Why salary sacrifice is so powerful in this band
Every £1 of salary sacrificed into a pension at this income band:
- Saves 40p of income tax (you'd have paid 40% on it).
- Saves 2p of NI (employee NI is 2% above £50,270).
- Saves another ~10p of HICBC (because £1 less ANI means £1 less in the taper).
Total relief: 52% on every £1 sacrificed, for a parent of 2 children. For 3 children it's ~55%; for 4 it's ~58%.
This means your net take-home foregone for £1 in the pension is 48p (2 kids), 45p (3 kids), or 42p (4 kids). Compare to the standard 42% relief at this income band without HICBC — salary sacrifice is dramatically more efficient if you're a parent.
Planning levers
If you're at £65k–£80k of adjusted net income with children, three levers to consider:
- Workplace pension salary sacrifice. Most employer schemes allow you to flex contributions.

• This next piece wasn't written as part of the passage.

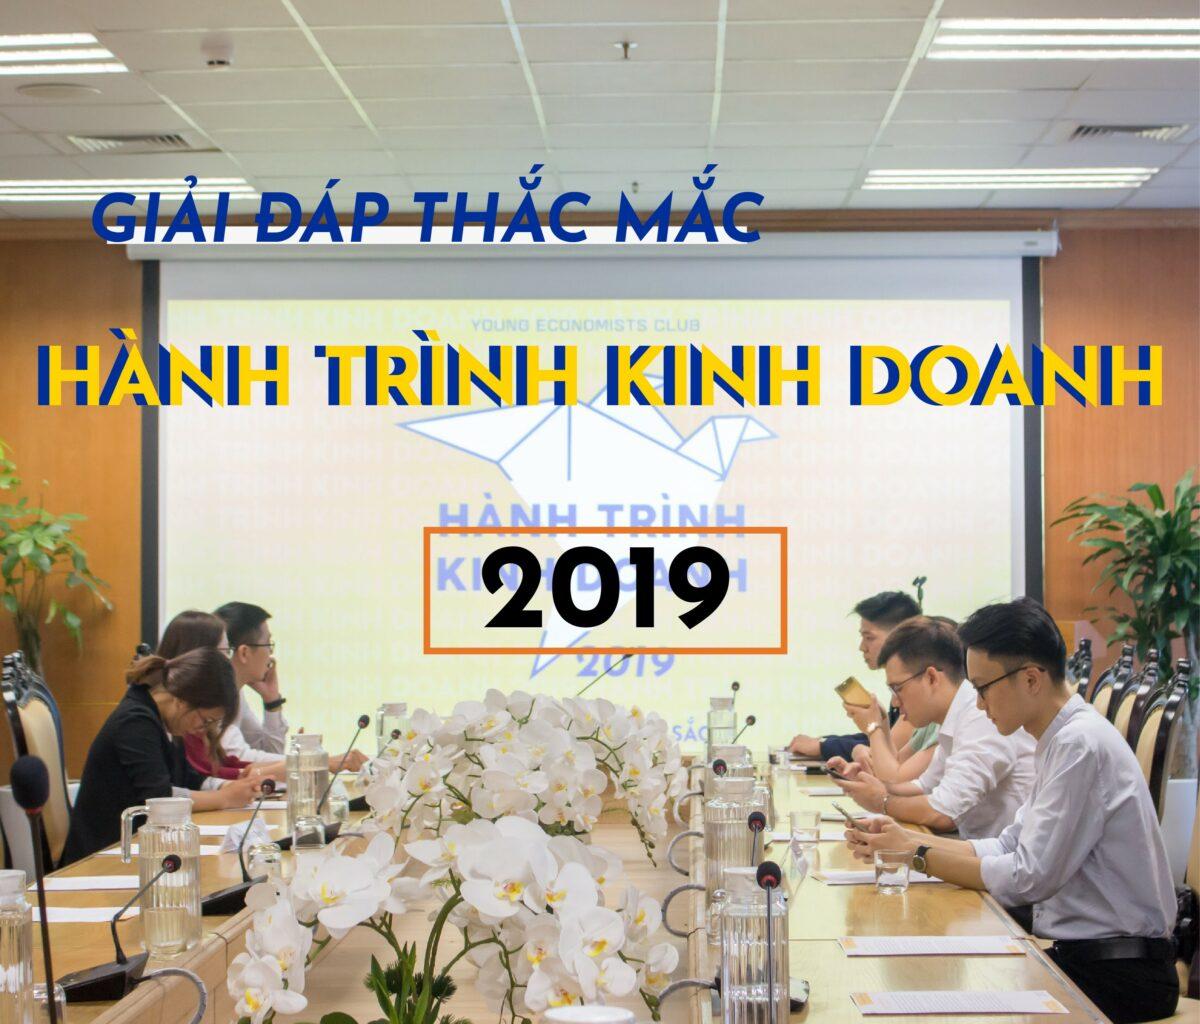 """GIẢI ĐÁP THẮC MẮC """"HÀNH TRÌNH KINH DOANH 2019"""": KHƠI NGUỒN BẢN SẮC"""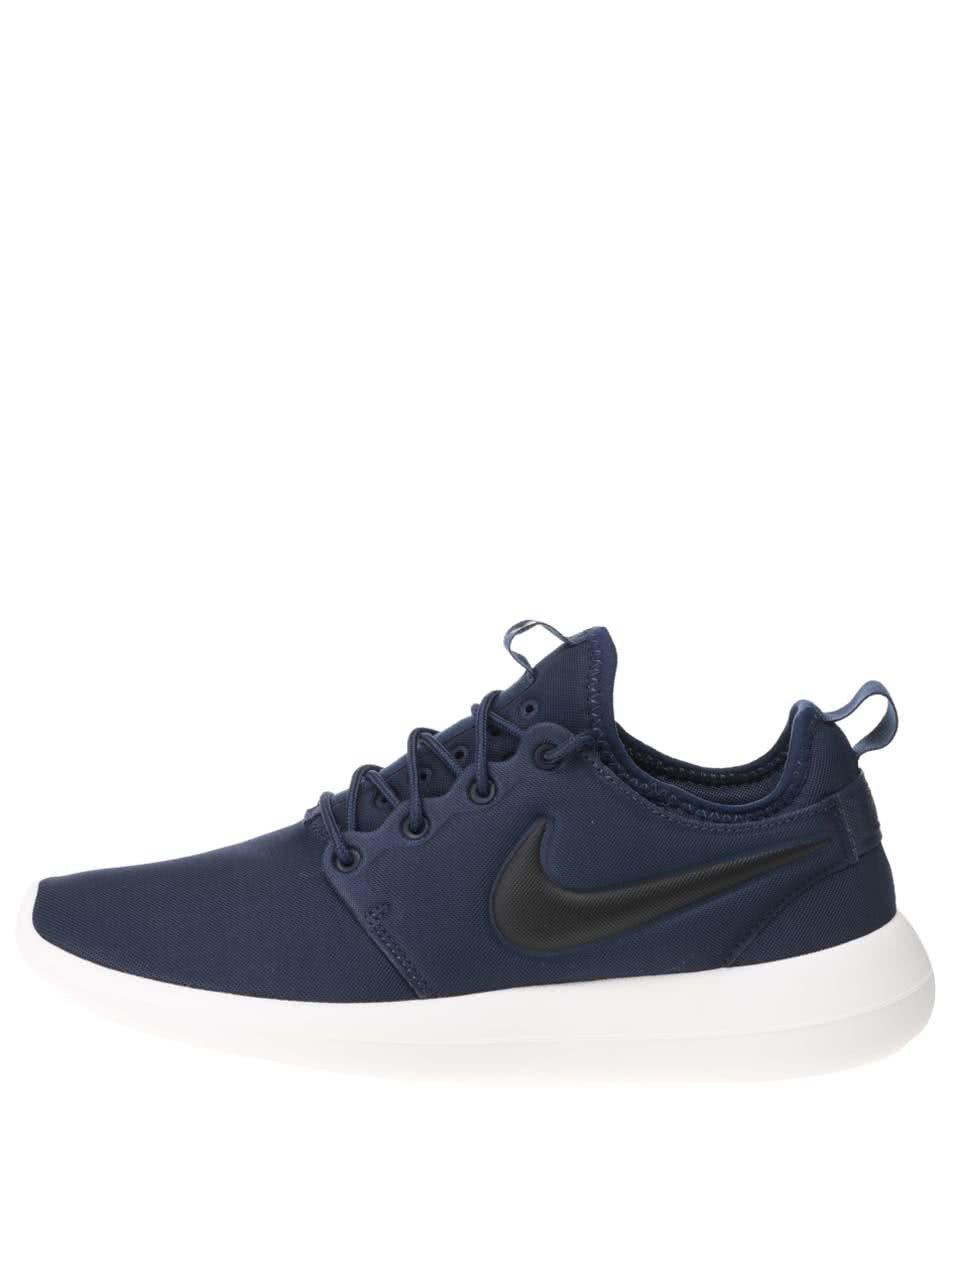 Tmavě modré pánské tenisky Nike Roche Two

Pushing ANI to £60k via pension contributions eliminates HICBC entirely.
- Gift Aid. Donations to charity (with Gift Aid) reduce adjusted net income £1-for-£1. £1,000 donated reduces ANI by £1,250 (the gross amount). At a 53% effective rate, the net cost of donating £1,000 is just £470 — and the charity gets the full £1,250.
- Bonus deferral or sacrifice. If a bonus pushes ANI from £60k to £75k, sacrificing the bonus into the pension keeps ANI at £60k and saves both income tax + NI + HICBC.
The compounding problem at £100k
HICBC is fully repaid by £80,000. Between £80,000 and £100,000, the marginal rate falls back to 42% — relatively benign. Then at £100,000, the 60% trap begins (Personal Allowance taper). So the marginal rate pattern across the high-earner band is:
| £50,270–£60,000 | 42% (higher rate + NI) |
| £60,000–£80,000 (with 2 kids) | ~53% (+ HICBC taper) |
| £80,000–£100,000 | 42% (higher rate + NI) |
| £100,000–£125,140 | 62% (+ PA taper) |
| £125,140+ | 47% (additional rate + NI) |
For parents earning £85k–£100k with children, the position is favourable — you've already paid full HICBC, but you're not yet in the 60% trap. The £15k window between £85k–£100k is the most tax-efficient earnings range in the higher-rate band.
Sources and methodology
The figures above follow HMRC's published 2025/26 Child Benefit rates (carried forward to 2026/27) and HICBC threshold structure from the 2024 Finance Act amendments. See Child Benefit rates and HICBC guidance. The marginal-rate arithmetic uses standard England/Wales/NI tax bands; Scotland figures differ. For a personalised calculation, see the HICBC calculator. The methodology page documents sources.